= LG K10 (2018) =

Android smartphone model

The 2018 LG K10 is a mid-range Android phone developed and manufactured by LG Electronics and was announced on Mobile World Congress in February 2018, alongside the 2018 LG K8. The phone was released in April 2018. Notable changes compared to the predecessor include a redesigned form factor and some hardware upgrades. The model will be sold with three variants, namely the base LG K10, the low-end LG K10α (K10 Alpha) and the high-end LG K10+.

==Features==
===Hardware===
The 2018 model sports a metal design, compared to the predecessor. Similar to the previous model, it has the same processor and 720p screen.

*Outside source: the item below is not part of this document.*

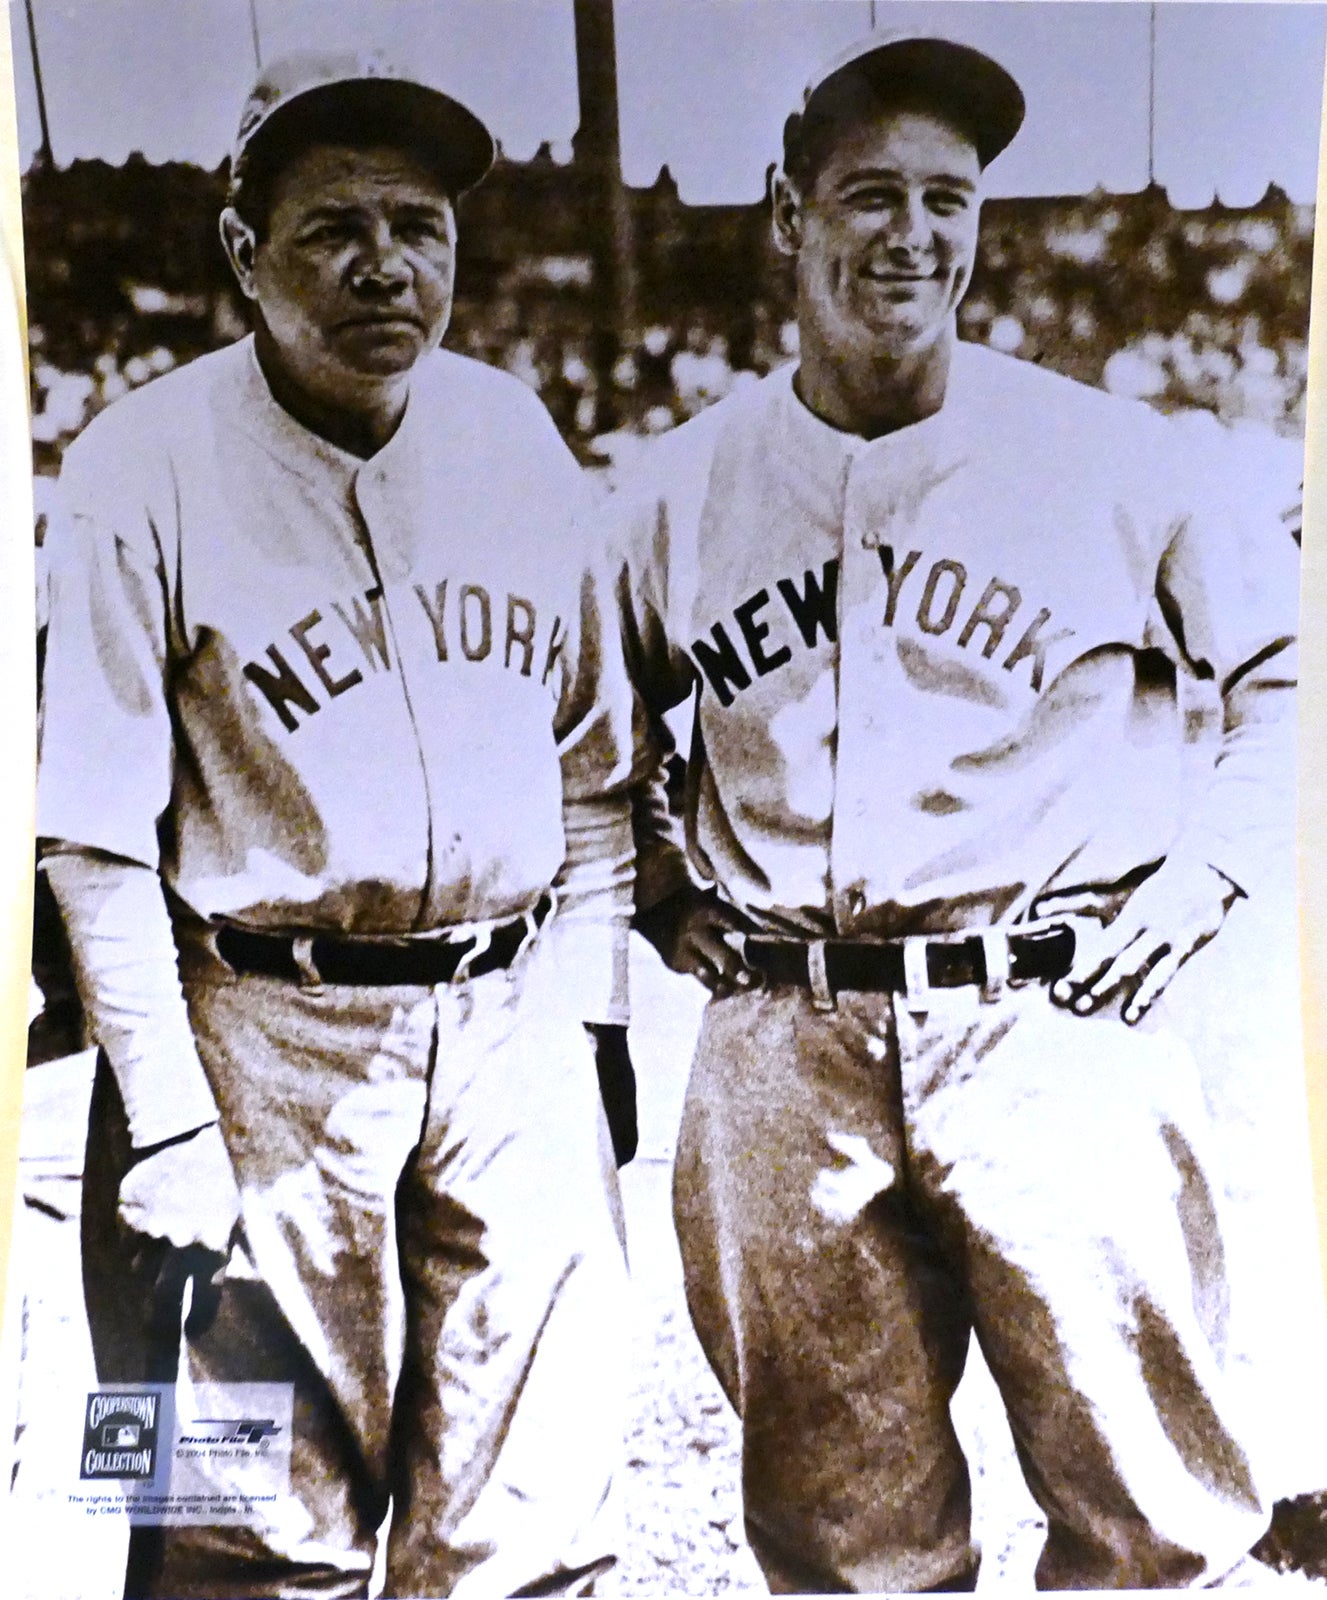 Matted 8x10 Photo- Ruth/Gehrig with Bat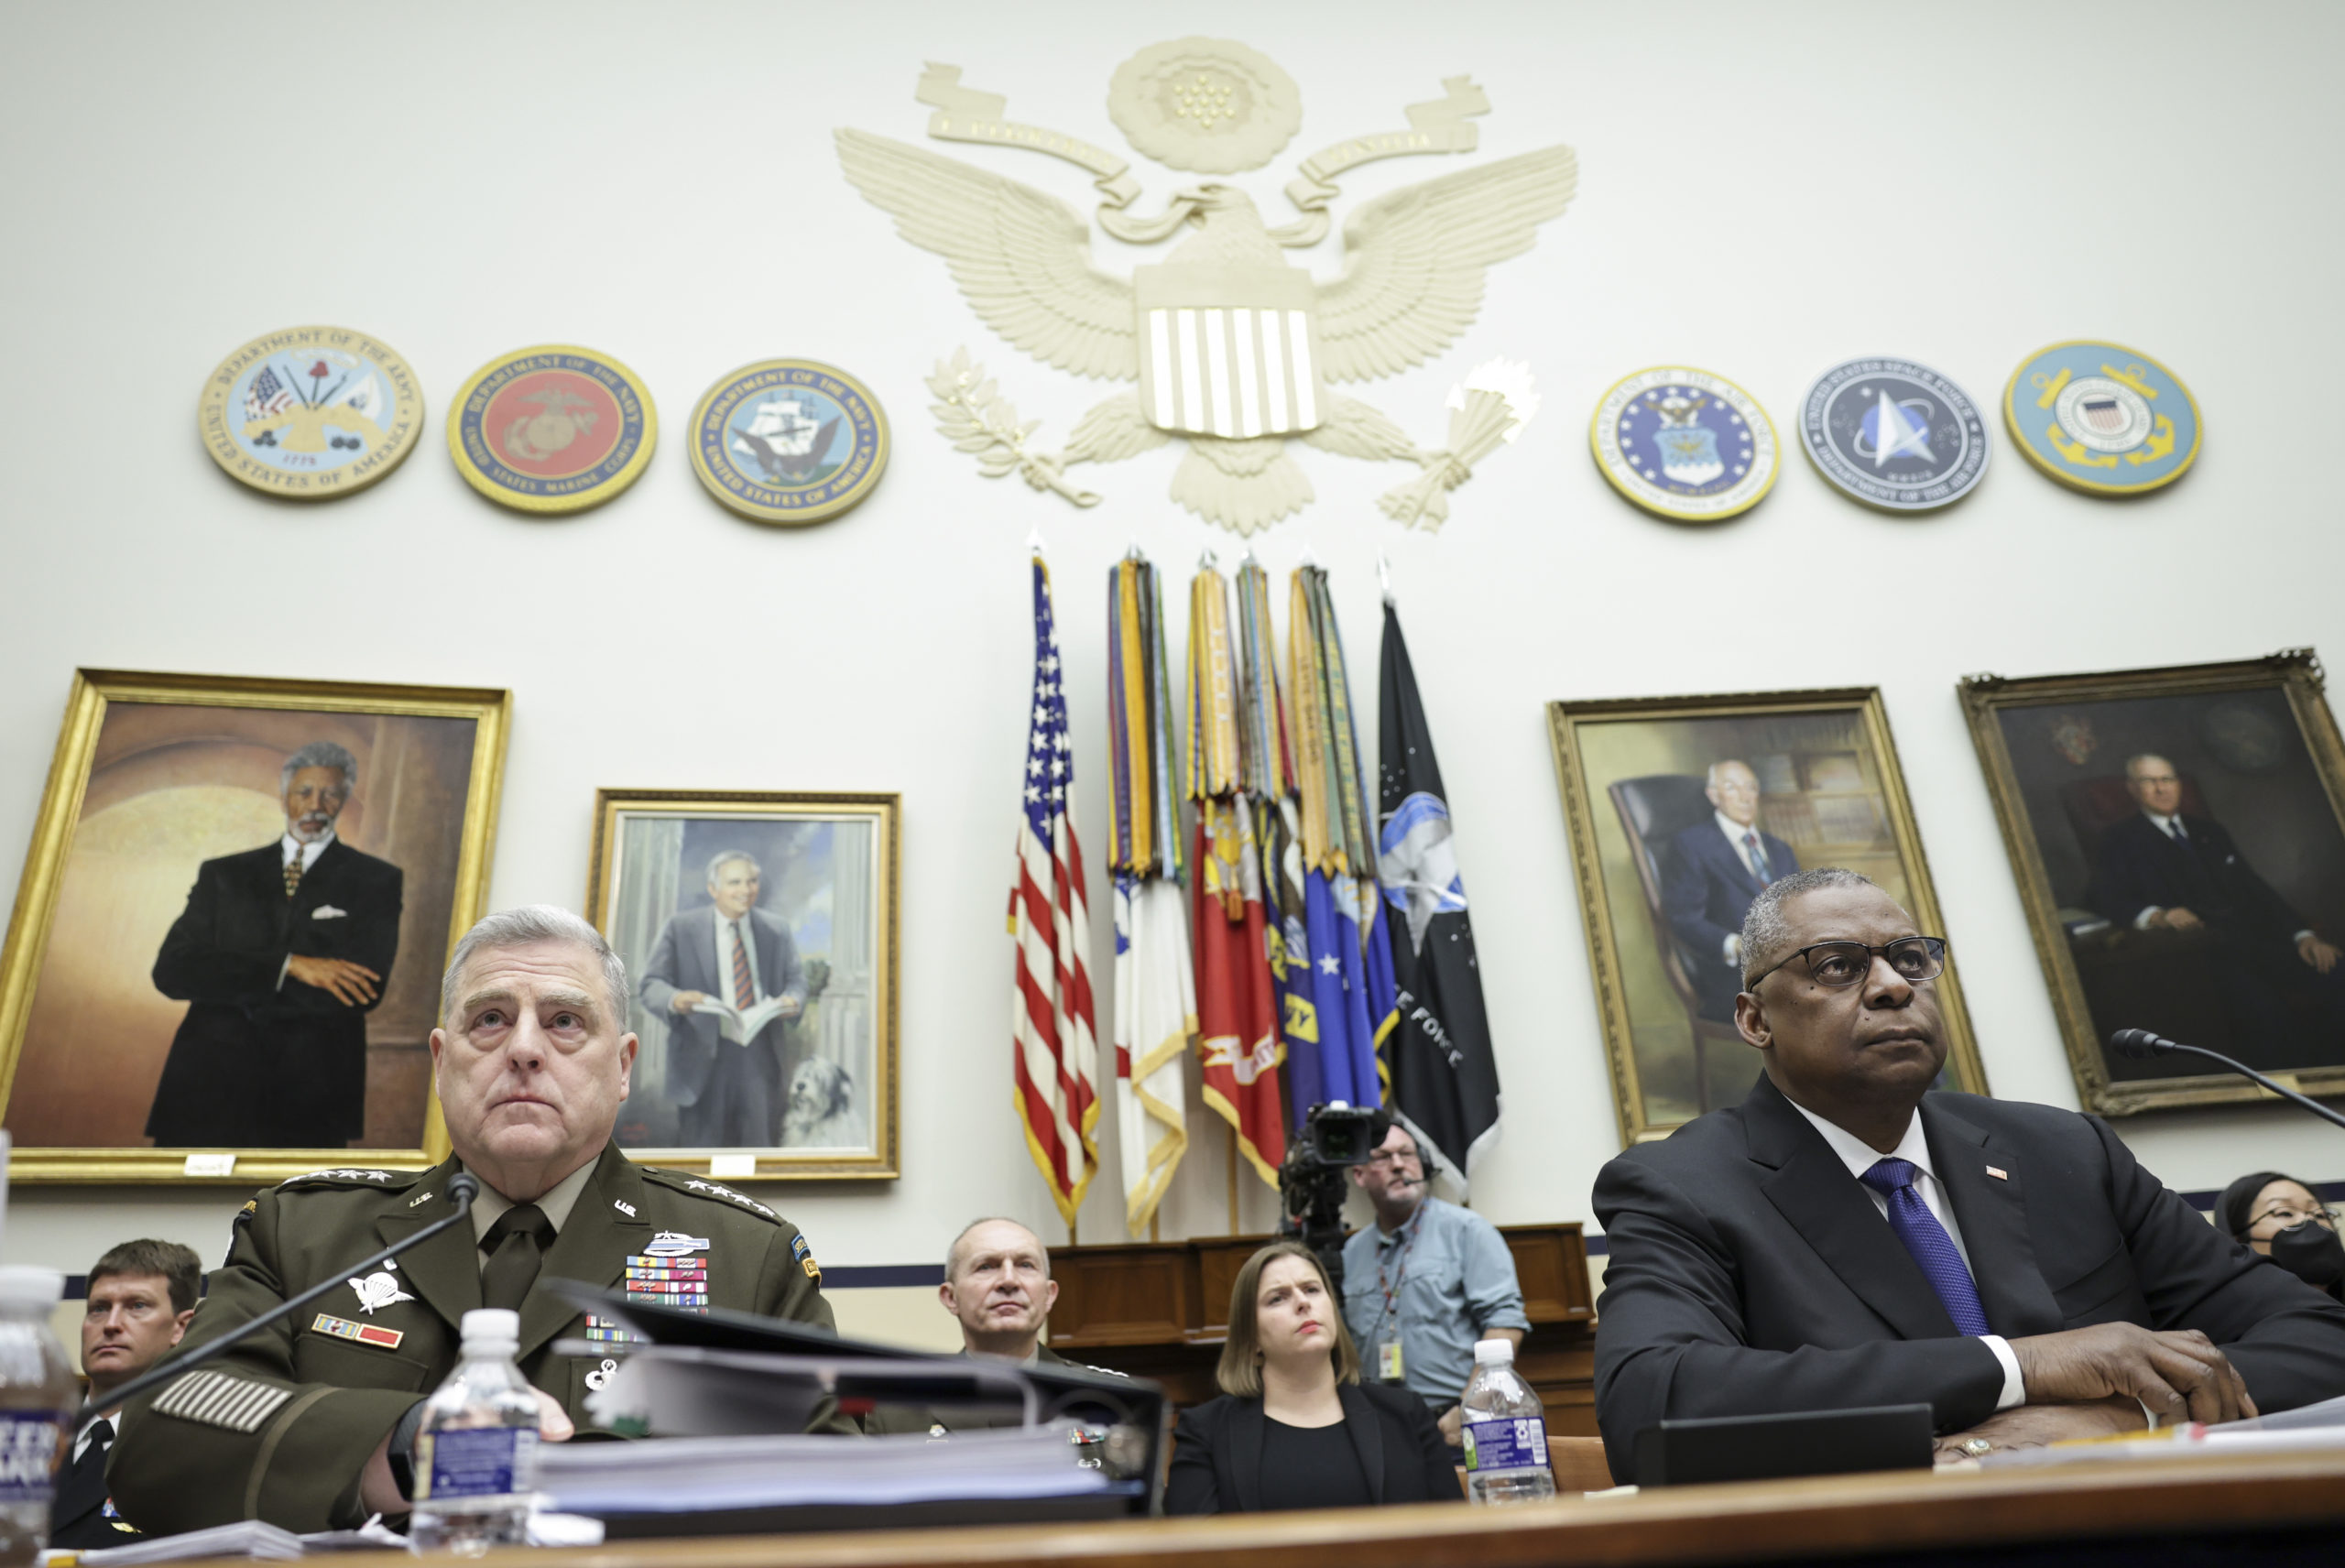 WASHINGTON, DC - APRIL 05: (L-R) Chairman of the Joint Chiefs of Staff Gen. Mark Milley and Secretary of Defense Lloyd Austin testify before the House Armed Services Committee on Capitol Hill, April 5, 2022 in Washington, DC. The Committee held a hearing on the Defense Department's fiscal year 2023 budget request.

The LG K10α has the downgraded camera, with 8 MP rear and 5 MP front cameras, compared to K10 and K10's 13 MP rear and 8 MP or 5 MP front camera. They can record 1080p at 30fps of video. The LG K10+'s storage and RAM was increased to 32 GB and 3 GB respectively, compared to LG K10 and K10α's 16 GB of storage and 2 GB RAM. They can be expandable of up to 400 GB of microSD card. The battery of 2018 models has upgraded to 3000 mAh, compared to the predecessor's 2800 mAh battery.

===Price===
It is 100 euros in Iran.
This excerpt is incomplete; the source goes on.